Relationship: Conflicting needs? This is how you deal with it

Oskar Holzberg
What to do if there are inequalities in the relationship?

© Jacob Lund / Adobe Stock

Our couples therapist Oskar Holzberg’s column is all about typical love wisdom and their truthfulness; he dissects proverbs, song lyrics and famous quotes. This time “The decisive factor for a good marriage is not how well you get along, but how you deal with the incompatibilities” (Leo Tolstoy, Russian writer).

In short: Unlike nutrition, we can Don’t avoid incompatibilities in a relationship.

Now in detail: Our romantic relationships are where we seek harmony. The harmony of hearts. A soul mate who has the same preferences, the same goals in life. But people are like snowflakes: all similar, each different. That’s why we’ll soon no longer be able to ignore the fact that he loves heavy red wines and we love Aperol Spritz. That we enjoy stewing in the sauna while she hates sweating. That our loved one only wears any color as long as it is black, while we like colorful fabrics and bright patterns. If someone only wants to be by the sea on vacation, while their partner can only find relaxation beyond two thousand meters in altitude, it becomes difficult. But we can still find solutions for this. It only becomes problematic when it is no longer just about differences, but about incompatibilities.

There was an ongoing conflict between Thomas and Ivanka, which was frustrating for both of them. Ivanka was constantly stunned by how Thomas ignored her needs, while Thomas was completely unnerved because nothing he did seemed good enough. For example, he just had booked a hotel on the Baltic Sea and, he believed, took into account everything that was important to her: Sea view, quiet location, wellness area, vegan menu. But Ivanka changed her booking again and took a hotel that also had a steam room.

When we talked about it, it became clear that a “satisficer” (Thomas) and an “optimizer” (Ivanka) live together here. “Optimizer” are always looking for the very best solution, the most perfect fulfillment of their wishes. “Satisficer” are happy when they have found a satisfactory solution and don’t have to put in a lot of additional effort. Thomas and Ivanka differ in their personalities. And in any relationship it becomes difficult when the needs of one person are not compatible with those of the other.

Incompatibilities in the partnership

As with food intolerances The incompatibilities in the partnership must first be recognized and understood. If introverts, who tend to make social contacts, meet extraverted partners who thrive in society, then it’s easy to see. Even if “larks” who have their best time in the morning meet “owls” whose peak is in the evening. Or order fanatics meet chaotic people, stingy people meet consumer addicts. But if one manages their worries and fears by thinking and talking about them at length, while the other prefers to suppress everything, it is not immediately obvious. Or when visual people who experience the world through their eyes meet kinesthetes for whom sensing is crucial.

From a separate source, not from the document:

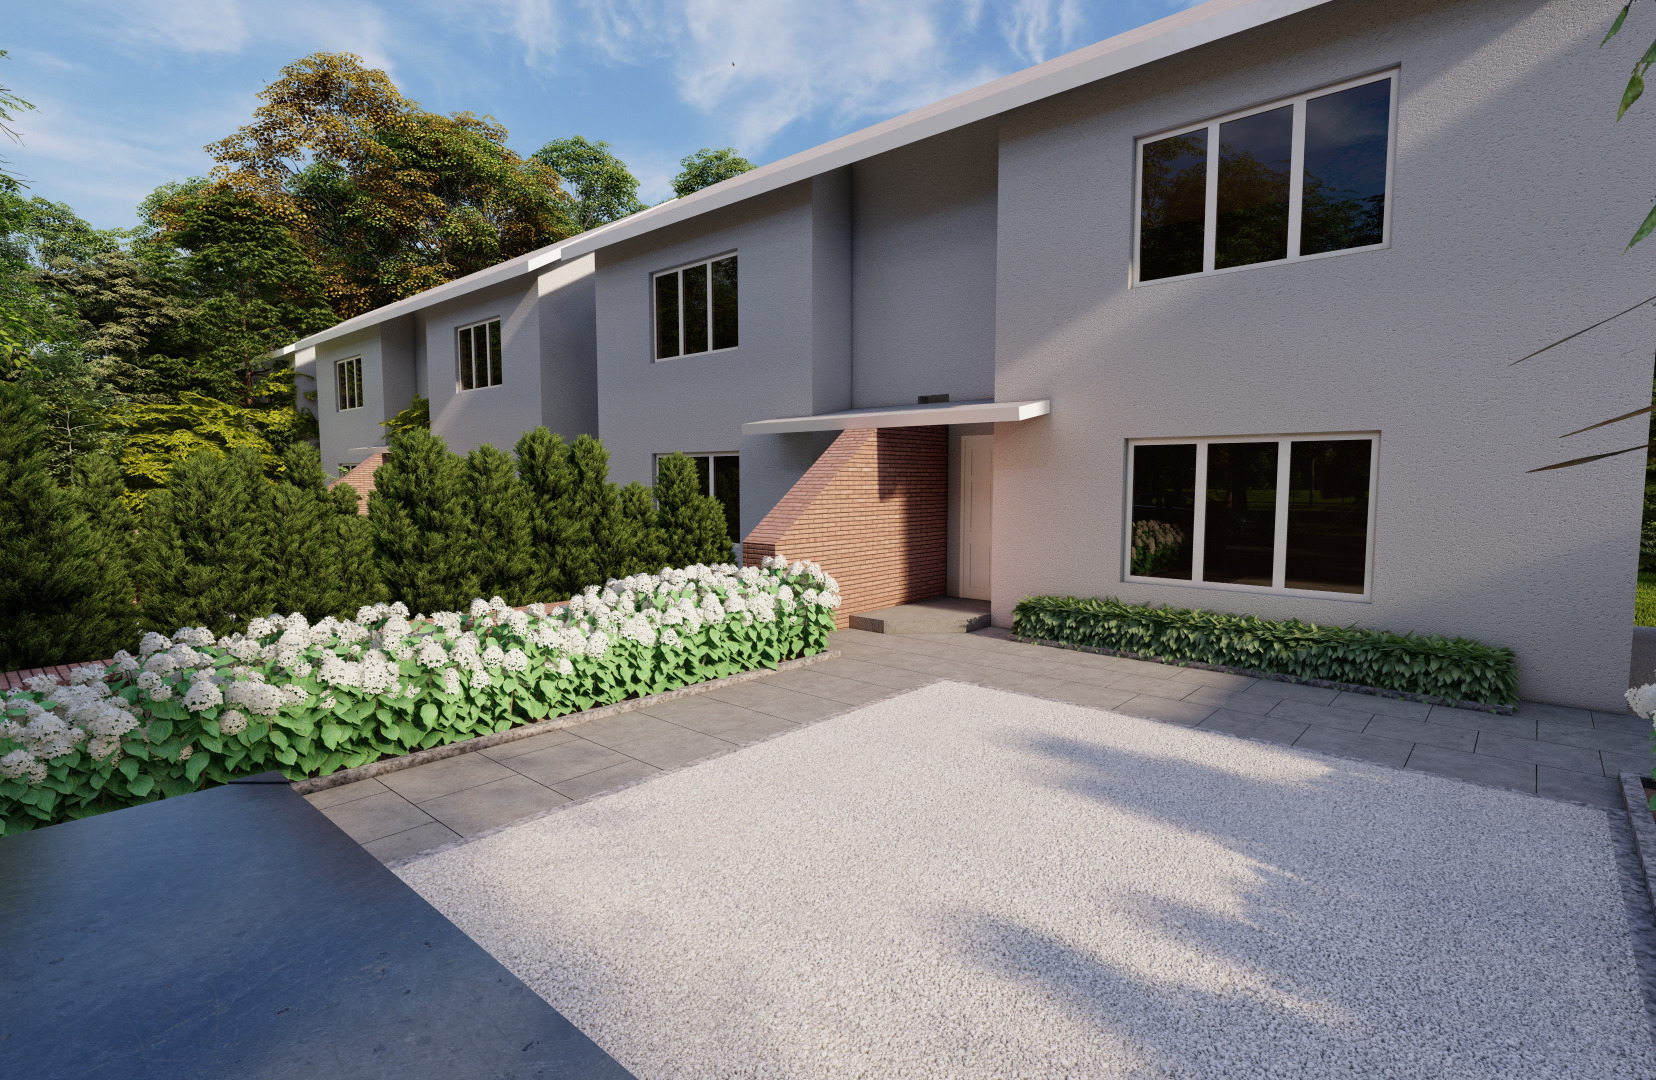 Front Garden Driveway Design | Rathfarnham, Dublin 14  | Owen Chubb Garden Design Services, Tel 087-2306128

Incompatibilities cannot be resolved. But once we understand which of our personality traits are incompatible with each other, we can let go of our conflict. Because our favorite person doesn’t refuse us, he isn’t against us either. He just reacts to the world completely differently. And we cannot demand that he become like us. When we acknowledge this, incompatibilities become differences. And even if it’s not easy: we can learn to live with them.

Oskar Holzberg has been treating couples and writing about it for almost 30 years. He says: “Love is not an illusion, but we have too many illusions about love.”